● Exercise
Could you write out each of the records below exactly?

Stored items from a collection:
================

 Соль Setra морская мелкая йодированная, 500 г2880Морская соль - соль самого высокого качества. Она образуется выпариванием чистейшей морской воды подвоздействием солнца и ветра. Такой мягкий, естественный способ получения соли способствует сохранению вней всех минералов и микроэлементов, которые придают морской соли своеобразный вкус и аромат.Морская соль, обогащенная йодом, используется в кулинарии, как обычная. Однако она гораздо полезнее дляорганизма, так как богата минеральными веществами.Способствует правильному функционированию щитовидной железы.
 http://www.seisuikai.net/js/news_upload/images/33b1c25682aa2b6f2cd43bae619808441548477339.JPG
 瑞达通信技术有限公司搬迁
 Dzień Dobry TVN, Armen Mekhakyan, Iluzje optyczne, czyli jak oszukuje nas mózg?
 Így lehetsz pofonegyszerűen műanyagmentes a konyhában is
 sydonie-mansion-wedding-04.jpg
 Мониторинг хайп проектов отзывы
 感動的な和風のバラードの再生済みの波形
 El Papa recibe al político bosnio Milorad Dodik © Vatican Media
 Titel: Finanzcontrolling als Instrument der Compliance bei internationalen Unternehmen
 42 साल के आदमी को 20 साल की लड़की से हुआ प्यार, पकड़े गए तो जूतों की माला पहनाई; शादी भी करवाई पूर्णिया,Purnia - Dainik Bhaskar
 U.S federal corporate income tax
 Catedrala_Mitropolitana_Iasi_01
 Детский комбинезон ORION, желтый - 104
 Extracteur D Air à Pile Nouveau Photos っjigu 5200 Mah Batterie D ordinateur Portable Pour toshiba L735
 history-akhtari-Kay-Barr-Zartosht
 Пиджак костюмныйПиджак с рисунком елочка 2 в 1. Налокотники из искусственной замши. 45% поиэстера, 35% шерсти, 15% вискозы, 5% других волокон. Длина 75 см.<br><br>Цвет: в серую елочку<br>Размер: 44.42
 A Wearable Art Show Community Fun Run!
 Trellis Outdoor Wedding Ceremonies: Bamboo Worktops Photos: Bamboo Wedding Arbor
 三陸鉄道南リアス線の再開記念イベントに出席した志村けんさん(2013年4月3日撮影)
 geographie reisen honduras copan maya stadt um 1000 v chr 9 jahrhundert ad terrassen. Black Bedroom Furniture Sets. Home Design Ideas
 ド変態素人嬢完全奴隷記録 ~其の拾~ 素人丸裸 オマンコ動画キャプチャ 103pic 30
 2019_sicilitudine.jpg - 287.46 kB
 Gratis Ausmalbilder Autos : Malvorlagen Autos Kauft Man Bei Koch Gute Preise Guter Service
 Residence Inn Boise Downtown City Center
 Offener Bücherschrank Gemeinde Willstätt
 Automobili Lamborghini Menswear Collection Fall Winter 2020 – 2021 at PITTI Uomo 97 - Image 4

================

● Answer to this exercise
 Соль Setra морская мелкая йодированная, 500 г2880Морская соль - соль самого высокого качества. Она образуется выпариванием чистейшей морской воды подвоздействием солнца и ветра. Такой мягкий, естественный способ получения соли способствует сохранению вней всех минералов и микроэлементов, которые придают морской соли своеобразный вкус и аромат.Морская соль, обогащенная йодом, используется в кулинарии, как обычная. Однако она гораздо полезнее дляорганизма, так как богата минеральными веществами.Способствует правильному функционированию щитовидной железы.
 http://www.seisuikai.net/js/news_upload/images/33b1c25682aa2b6f2cd43bae619808441548477339.JPG
 瑞达通信技术有限公司搬迁
 Dzień Dobry TVN, Armen Mekhakyan, Iluzje optyczne, czyli jak oszukuje nas mózg?
 Így lehetsz pofonegyszerűen műanyagmentes a konyhában is
 sydonie-mansion-wedding-04.jpg
 Мониторинг хайп проектов отзывы
 感動的な和風のバラードの再生済みの波形
 El Papa recibe al político bosnio Milorad Dodik © Vatican Media
 Titel: Finanzcontrolling als Instrument der Compliance bei internationalen Unternehmen
 42 साल के आदमी को 20 साल की लड़की से हुआ प्यार, पकड़े गए तो जूतों की माला पहनाई; शादी भी करवाई पूर्णिया,Purnia - Dainik Bhaskar
 U.S federal corporate income tax
 Catedrala_Mitropolitana_Iasi_01
 Детский комбинезон ORION, желтый - 104
 Extracteur D Air à Pile Nouveau Photos っjigu 5200 Mah Batterie D ordinateur Portable Pour toshiba L735
 history-akhtari-Kay-Barr-Zartosht
 Пиджак костюмныйПиджак с рисунком елочка 2 в 1. Налокотники из искусственной замши. 45% поиэстера, 35% шерсти, 15% вискозы, 5% других волокон. Длина 75 см.<br><br>Цвет: в серую елочку<br>Размер: 44.42
 A Wearable Art Show Community Fun Run!
 Trellis Outdoor Wedding Ceremonies: Bamboo Worktops Photos: Bamboo Wedding Arbor
 三陸鉄道南リアス線の再開記念イベントに出席した志村けんさん(2013年4月3日撮影)
 geographie reisen honduras copan maya stadt um 1000 v chr 9 jahrhundert ad terrassen. Black Bedroom Furniture Sets. Home Design Ideas
 ド変態素人嬢完全奴隷記録 ~其の拾~ 素人丸裸 オマンコ動画キャプチャ 103pic 30
 2019_sicilitudine.jpg - 287.46 kB
 Gratis Ausmalbilder Autos : Malvorlagen Autos Kauft Man Bei Koch Gute Preise Guter Service
 Residence Inn Boise Downtown City Center
 Offener Bücherschrank Gemeinde Willstätt
 Automobili Lamborghini Menswear Collection Fall Winter 2020 – 2021 at PITTI Uomo 97 - Image 4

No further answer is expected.